526 F.2d 277
UNITED STATES of America, Plaintiff-Appellee,
John Wesley MARZETT, Defendant-Appellant.
United States Court of Appeals,
Jan. 22, 1976.
Christopher G. Hume, III, Mobile, Ala. (Court-appointed), for defendant-appellant.
Charles S. White-Spunner, U.S. Atty., William R. Favre, Jr., Edward J. Vulevich, Jr., Asst. U.S. Atty., Mobile, Ala., for plaintiff-appellee.
Appeal from the United States District Court for the Southern District of Alabama.
Before COLEMAN, AINSWORTH and SIMPSON, Circuit Judges.

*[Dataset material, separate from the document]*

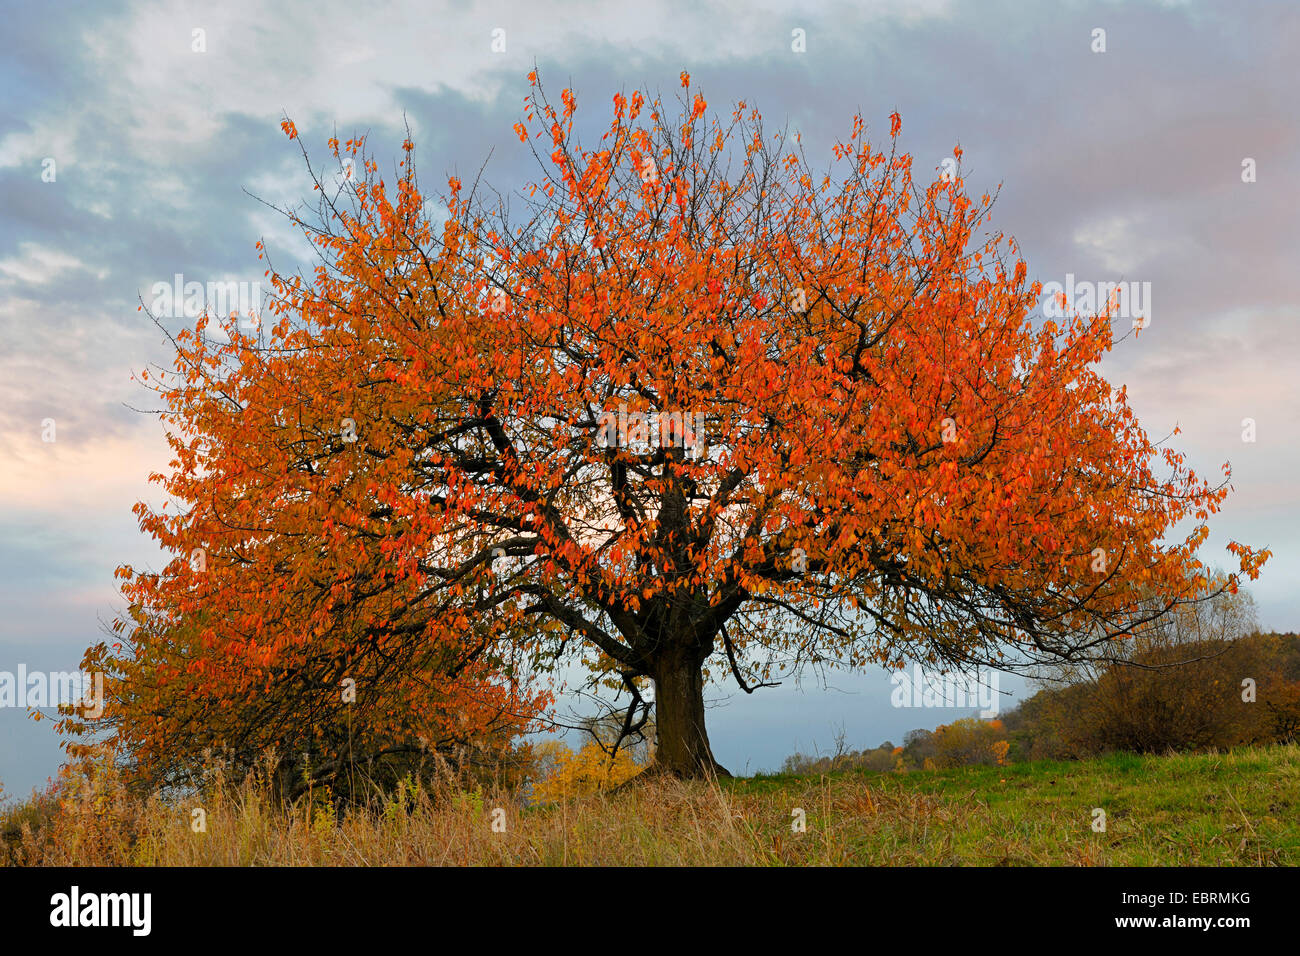 De cerise sauvage, cerise, gean, le merisier (Prunus avium), arbre de la cerise dans l'automne à la lumière du soir, l'Allemagne, Bade-Wurtemberg Banque D'Images

In this direct criminal appeal, appellant John Wesley Marzett challenges his conviction for possessing an unregistered sawed-off shotgun in violation of 26 U.S.C. §§ 5861(d) and 5871. He contends that the trial court erred (1) in failing to suppress the gun and an incriminating statement which were obtained prior to being advised of his rights under Miranda v. Arizona, 384 U.S. 436, 86 S.Ct. 1602, 16 L.Ed.2d 694 (1966), and (2) in reading to the jury a second count in his indictment which contained a recitation of two prior felony convictions and which was dismissed prior to trial but after the indictment was read to the jury.

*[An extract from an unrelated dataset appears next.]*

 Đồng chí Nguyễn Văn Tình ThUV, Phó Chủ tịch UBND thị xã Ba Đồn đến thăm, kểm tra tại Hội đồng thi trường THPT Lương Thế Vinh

On November 11, 1974, police officers were called to the Booker T. Washington Guest House in Mobile, Alabama to investigate a situation which reportedly involved a disorderly person with a gun or an assault with a gun. The first officer to arrive was approached by a man standing at the front door of the Guest House, who pointed down the street at Marzett saying, 'That is the man you want.' The police officer, who apparently knew appellant on a first-name basis, approached him and asked, 'Where is the gun, John?' The appellant told the officer the gun was hidden in a trash pile behind the Guest House, whereupon the officer accompanied Marzett to the trash pile and seized the gun as evidence. After reviewing the circumstances in this case, we conclude that the officer's question did not constitute custodial interrogation within the meaning of Miranda, and that accordingly the Miranda warnings were not required at the time Marzett answered the question which provided the information leading to the seizure of the gun. See United States v. Carollo, 5 Cir., 1975, 507 F.2d 50; United States v. Pridgen, 5 Cir., 1970, 435 F.2d 152.

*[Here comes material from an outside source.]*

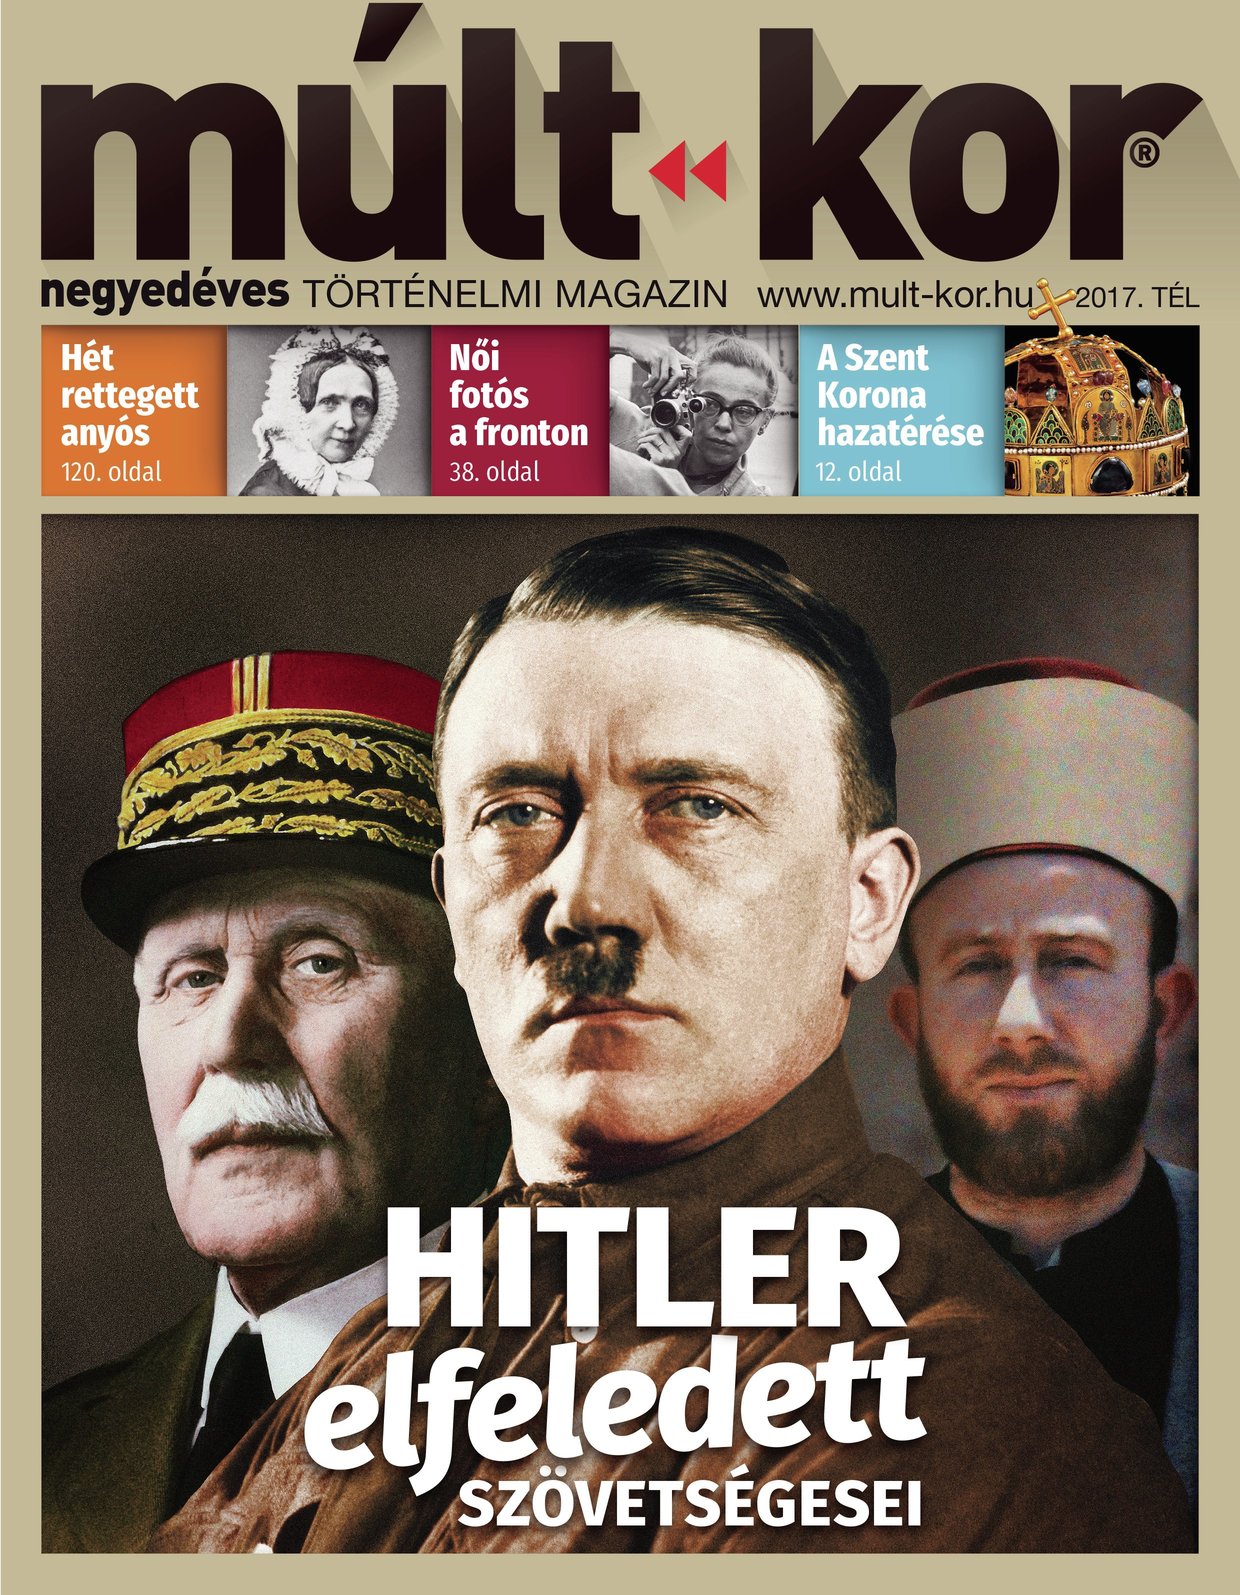 2017. tél: Hitler elfeledett szövetségesei

The indictment was read to the jury at the time it was empanelled, two weeks prior to the commencement of trial. At that time, it contained two counts, the second of which charged Marzett with possession by a convicted felon of a firearm transported in interstate commerce in violation of 18 App.U.S.C. § 1202(a)(1). This count was joined properly and in good faith, but was subsequently dismissed because the prosecution had inadvertently failed to make available to the defense the report of an expert whose testimony was to establish that the sawed-off shotgun was transported in interstate commerce. Thus, no error was committed at the time the indictment was read, since it is permissible for a trial judge to read an indictment listing prior criminal offenses where those offenses are elements of the crime charged. Willis v. Smith, 5 Cir., 1970, 434 F.2d 1029, cert. denied sub nom. Willis v. Dutton, 403 U.S. 932, 91 S.Ct. 2261, 29 L.Ed.2d 711 (1971); Williams v. Beto, 5 Cir., 1966, 354 F.2d 687. The fact that the second count was later dismissed did not retroactively transform the judge's permissible conduct into reversible error. Because the second count was dropped prior to trial, no evidence of any prior convictions of the defendant was offered by the Government. At the conclusion of the defendant's case, the judge instructed the jury that the indictment was not evidence and that the second count was not to be considered. Any possible error flowing from the reading of the second count two weeks earlier was cured by these instructions. See Kroll v. United States, 5 Cir., 1970, 433 F.2d 1282, cert. denied, 402 U.S. 944, 91 S.Ct. 1616, 1618, 1619, 29 L.Ed.2d 112 (1971); Conner v. United States, 5 Cir., 1963,322 F.2d 647.